Effective camera pose estimation (or ‘relative orientation’ in photogrammetry) is a key issue for 3D object reconstruction in both the computer vision and photogrammetry communities. It has been studied for decades, featuring as a part of photogrammetry almost since the development of photography. At the outset, relative orientation was solved using analog physical and optical machines. By the 1950s, however, digital approaches using computers had started to emerge. Stereoscopic plotters combined with computers were widely used in mapping applications at the time and numerous algorithms were proposed throughout the 1950s and 1960s [[1], [2], [3], [4], [5], [6], [7], [8]]. The general focus at that time was upon trying to calculate the relative position and attitude of one camera in relation to another using at least five pairs of image point correspondences. According to those references, there are five unknown parameters for a relative orientation problem: two for the baseline (a vector from the projection center of the left to the right camera); and three for various rotations (the rotation angles from the right to the left camera). A change of length in the baseline does not change the relative pose of the right to the left camera. It only changes the depth of 3D objects at the conjunction of light rays. This is why just two parameters are needed for the baseline.

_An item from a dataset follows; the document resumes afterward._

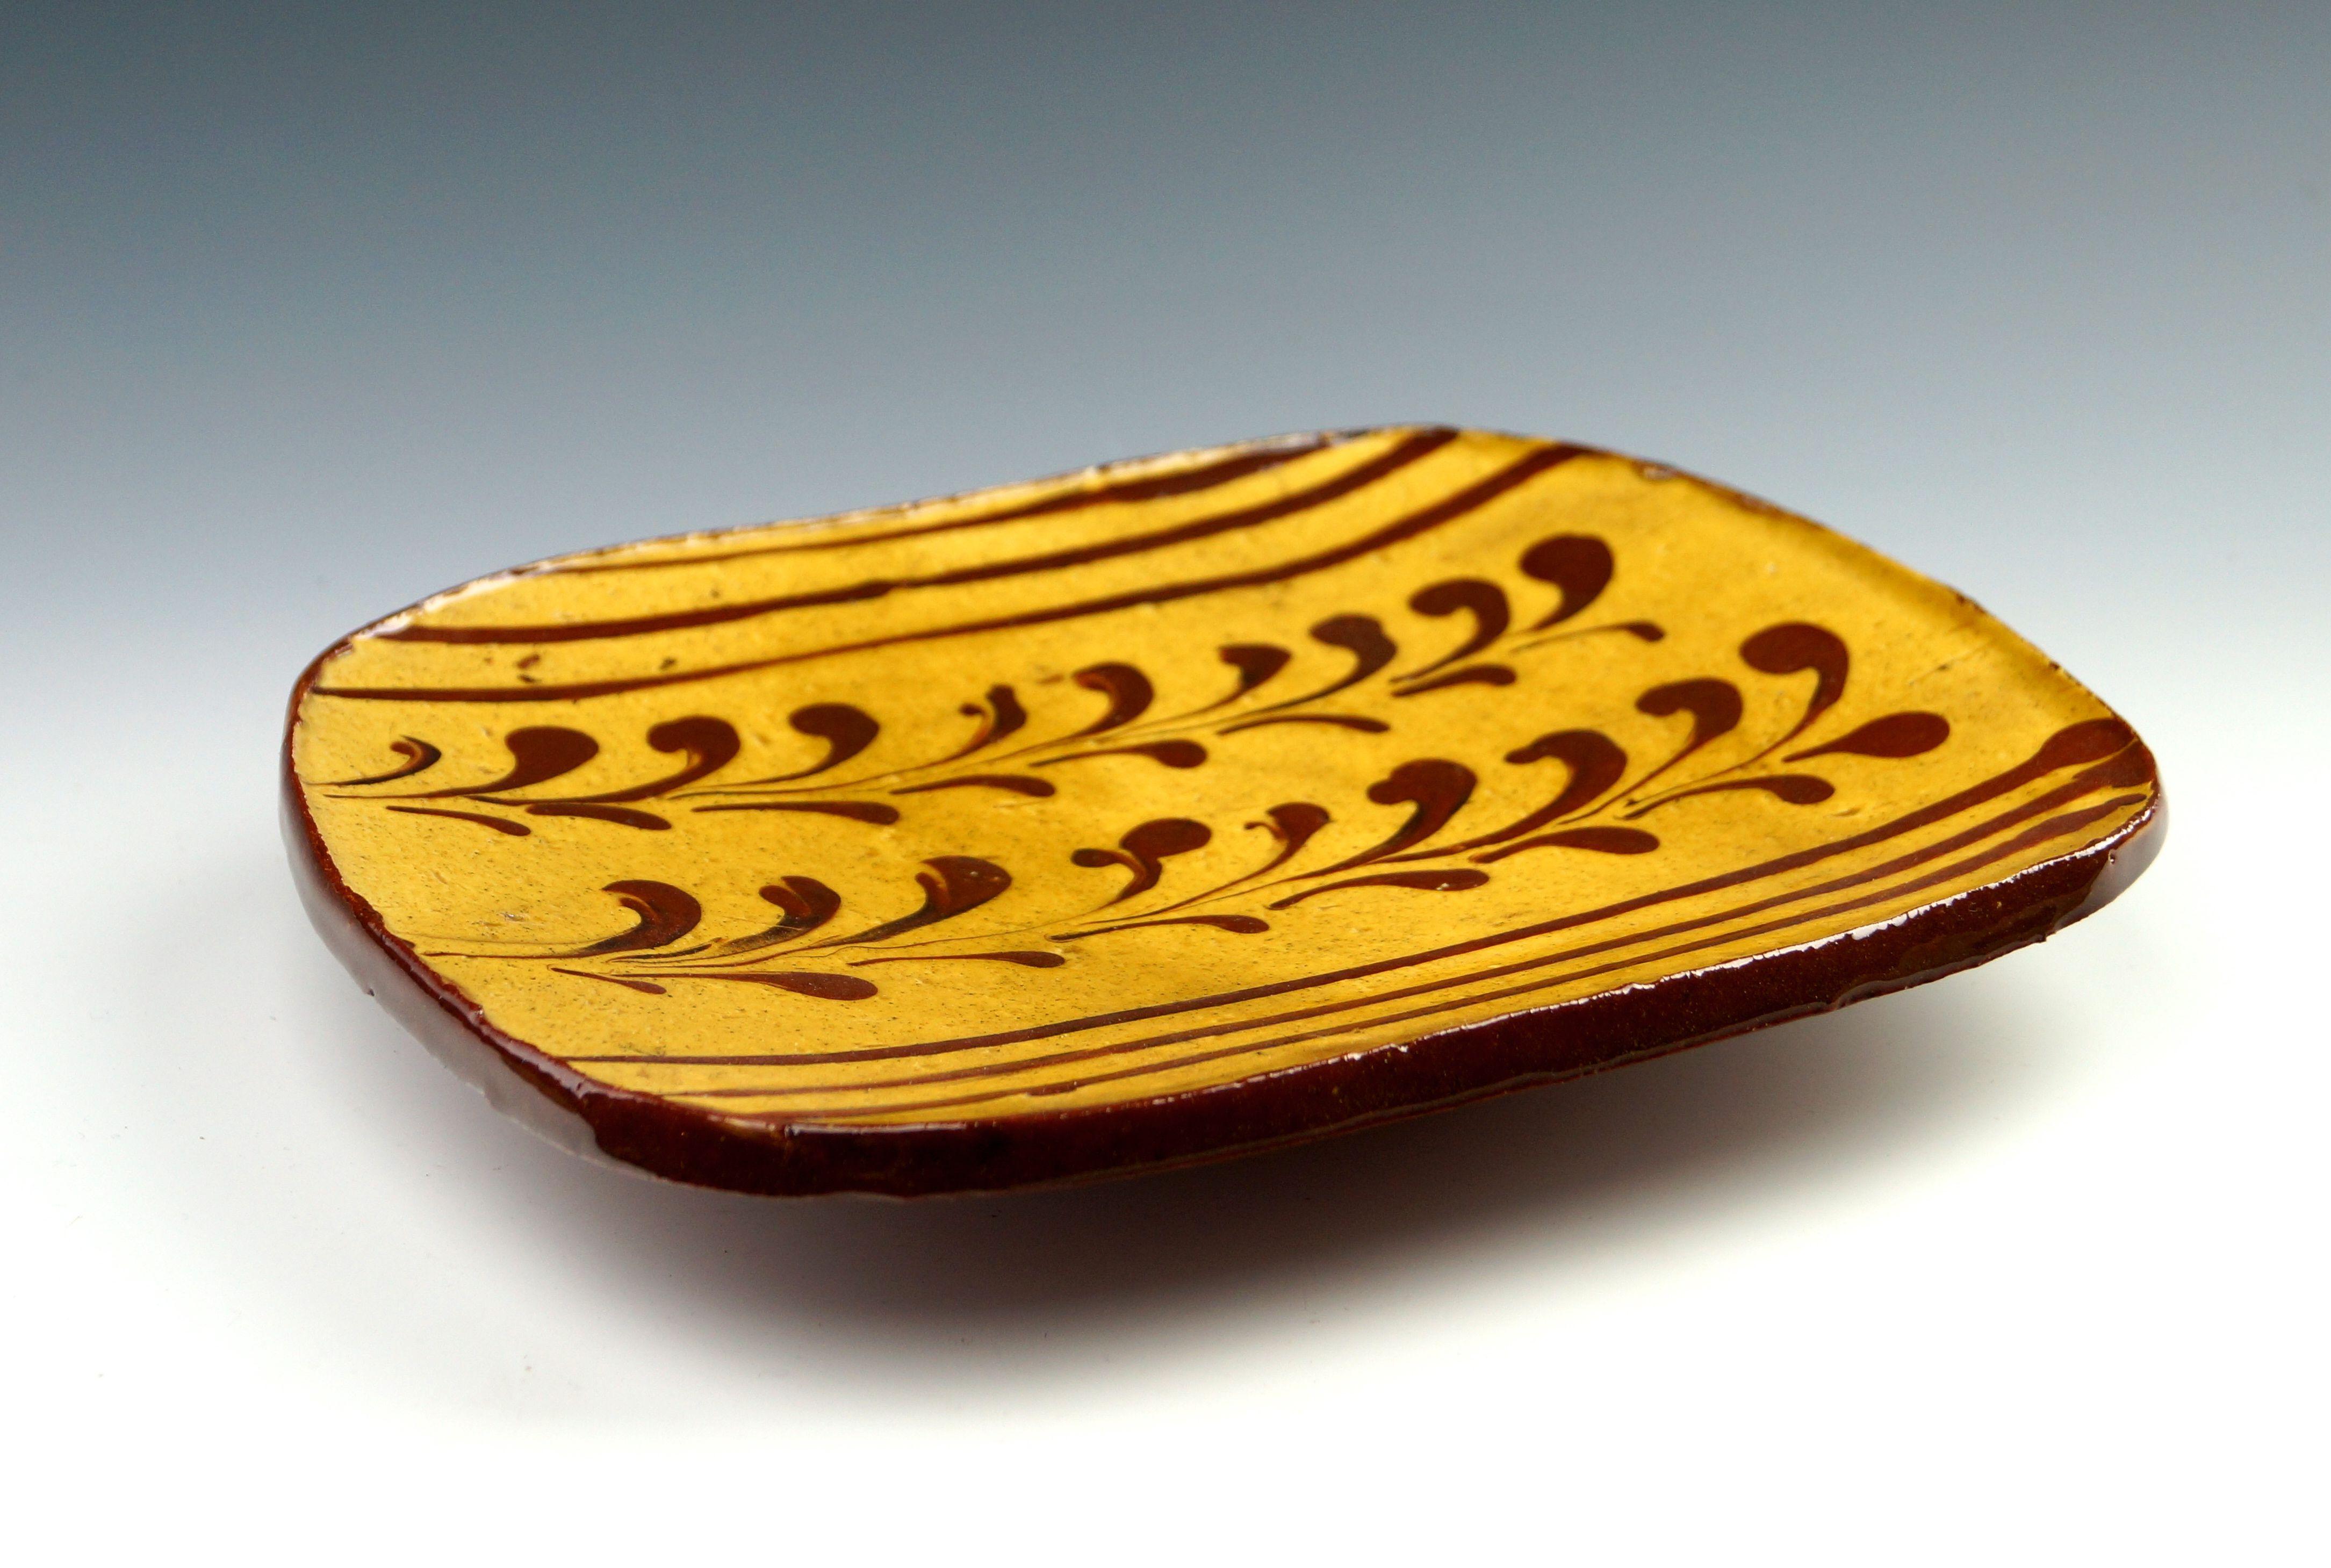 Clive Bowen Dish

To compute the five relative orientation parameters, each pair of image point correspondences contributes an equation derived from the coplanar (or epipolar) condition. Thus, at least five pairs of image point correspondences are needed to solve the unknown parameters. In the early stages of photogrammetry, the solution was not unique because these equations are nonlinear. Generally, an initial guess was made, then the final solution was calculated through iterative correction of these initial values. Good initial values significantly increase the convergence speed but bad ones can have the opposite effect or even lead to wrong solutions (local minima).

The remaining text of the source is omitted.